Given information -
***

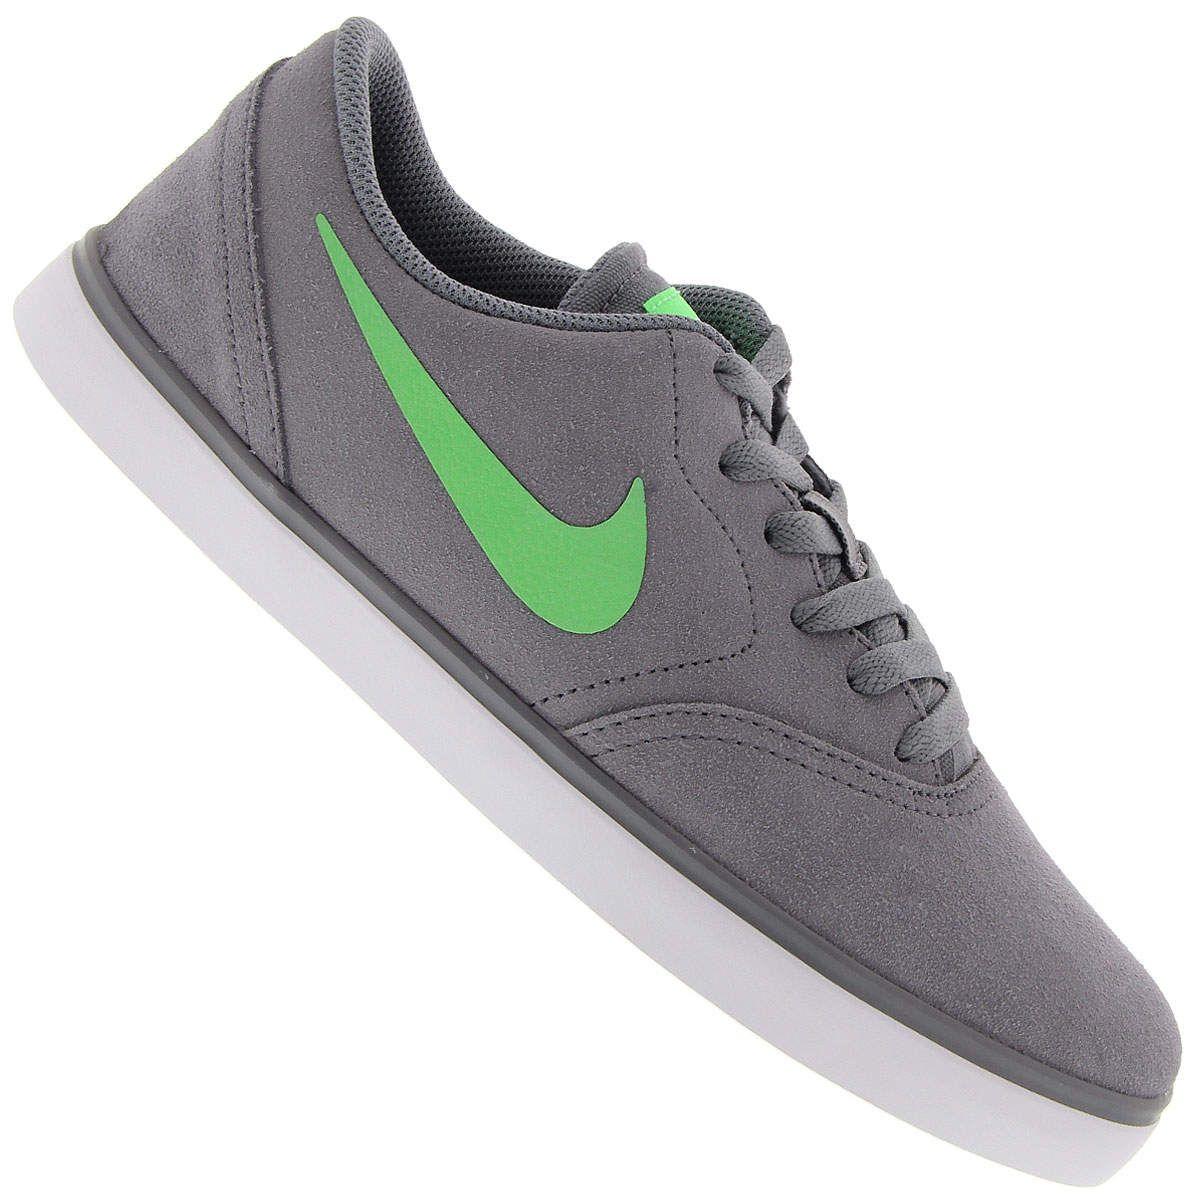 Tênis Nike SB Check Masculino   roupas   Pinterest   Tenis, Tenis ... 8073d3d31f
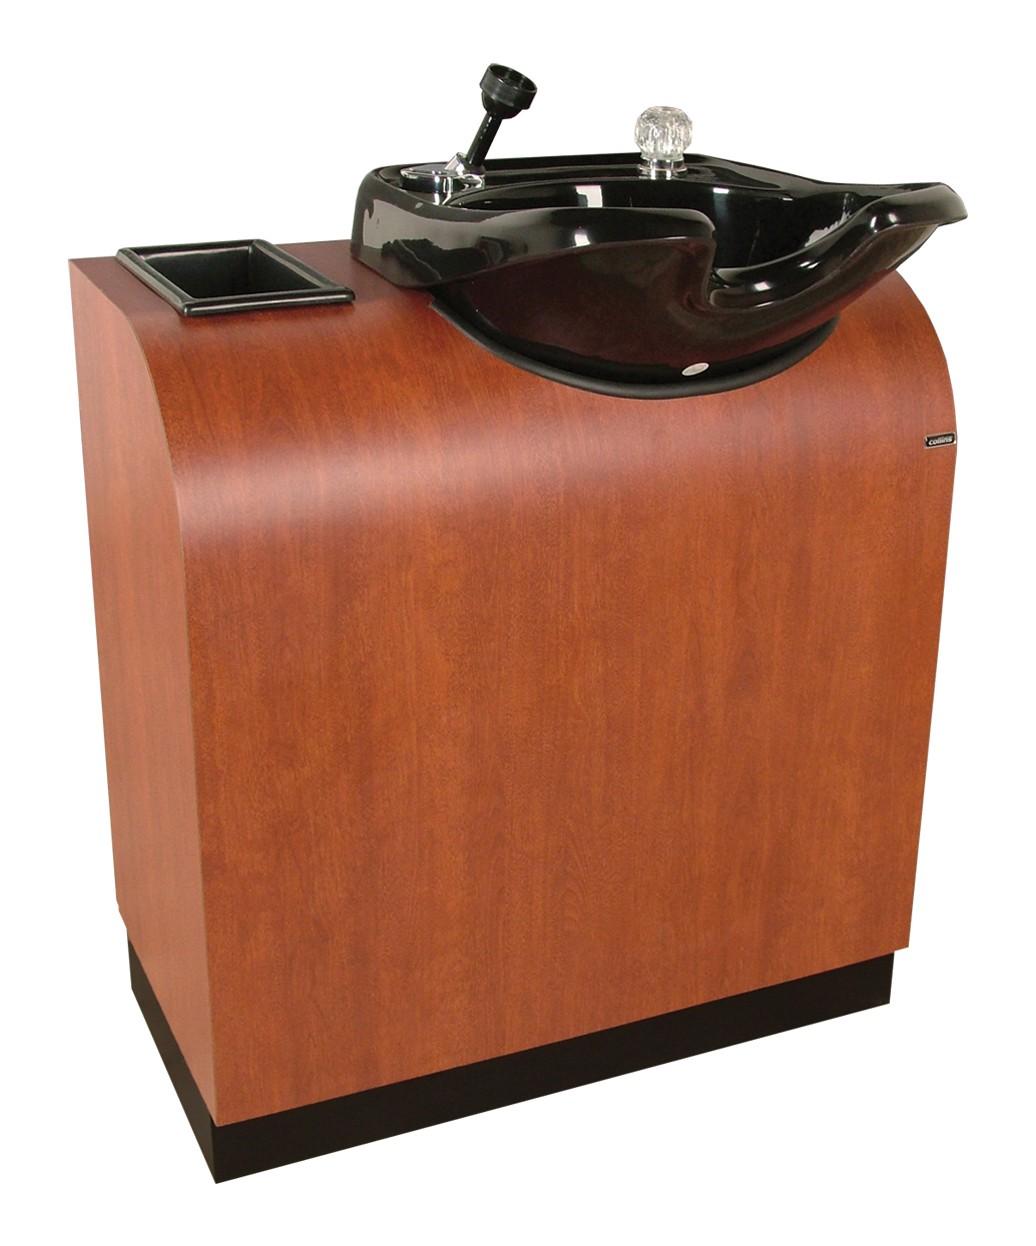 Collins QSE 5711-32 European Backwash Shampoo System w/ Bowl
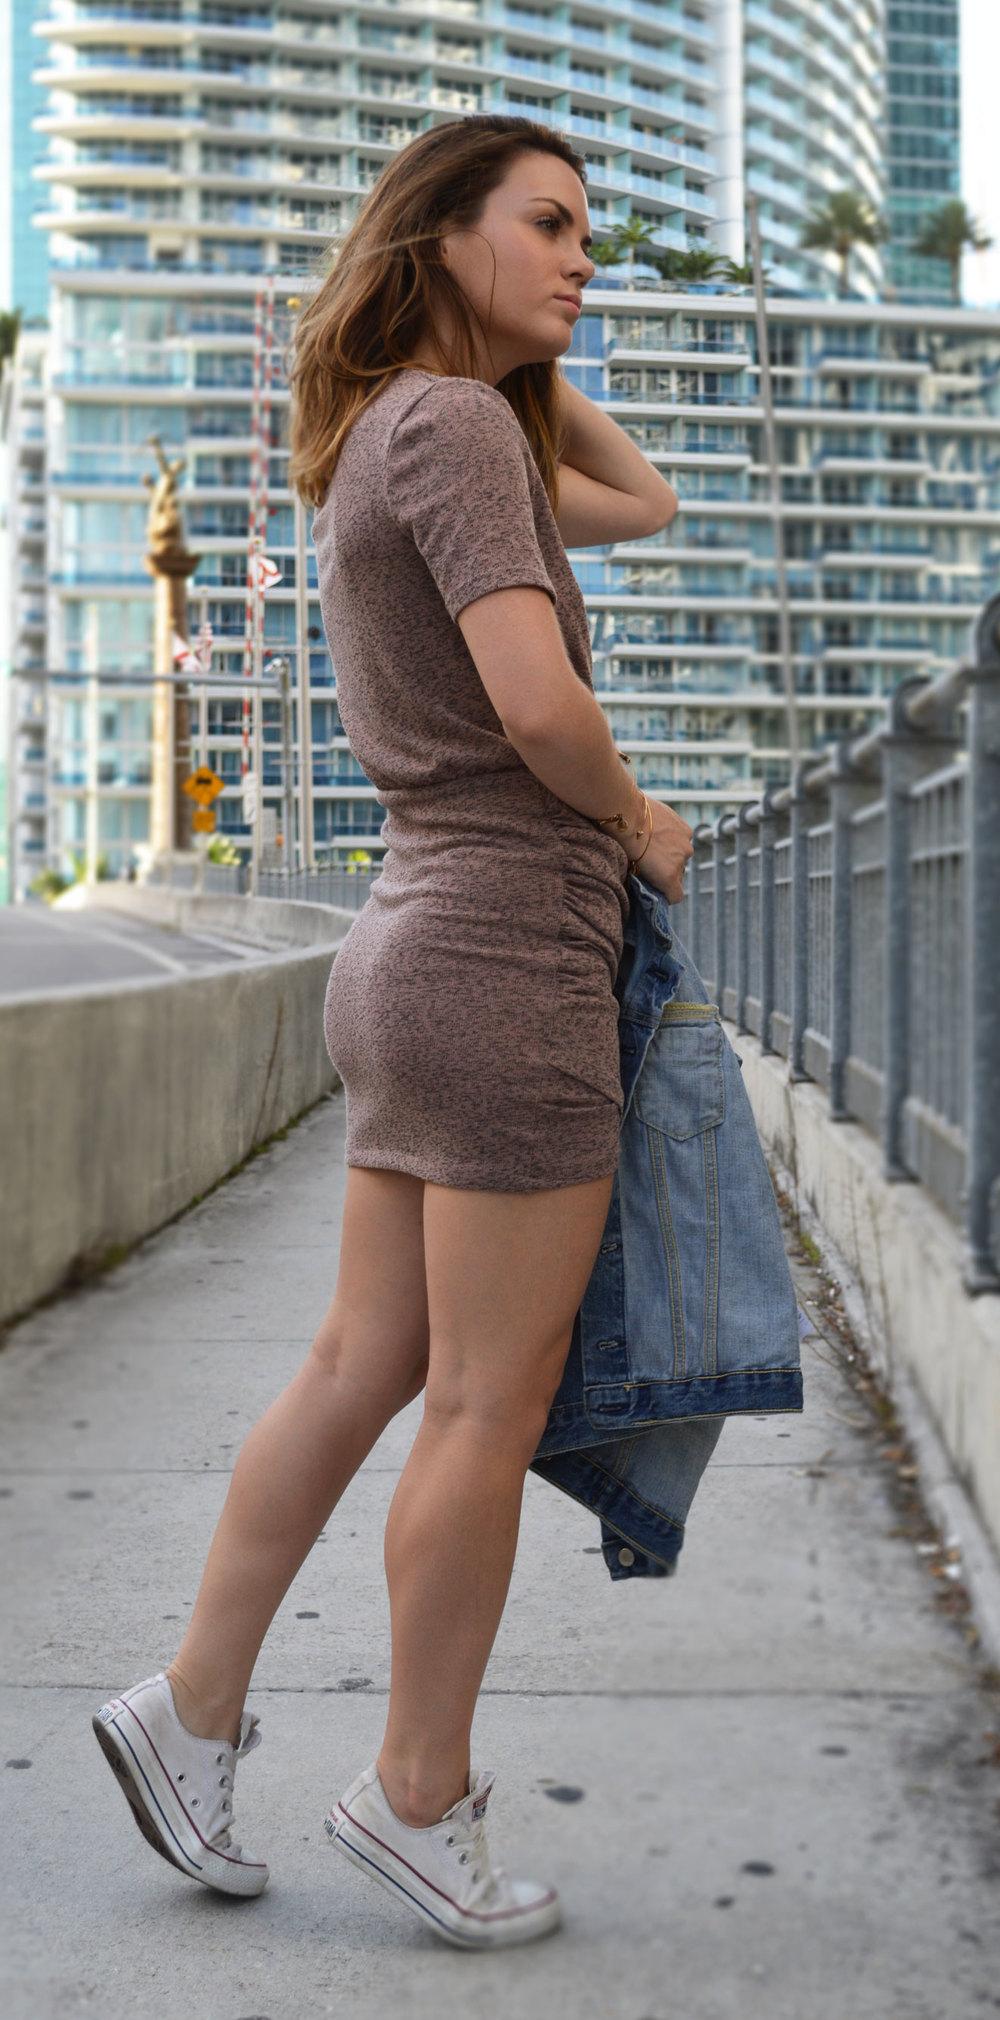 FromCtoC-Mauve-Zara-Tulip-Dress-GAP-Vest-converse-classics-miami-florida.jpeg

***

Go to the line containing "Collins QSE 5711-32", then write out word for word every line from there to the end of the listing. Keep both end lines and drop the pictures.

Exercise solution -
 Collins QSE 5711-32 European Backwash Shampoo System w/ Bowl
 FromCtoC-Mauve-Zara-Tulip-Dress-GAP-Vest-converse-classics-miami-florida.jpeg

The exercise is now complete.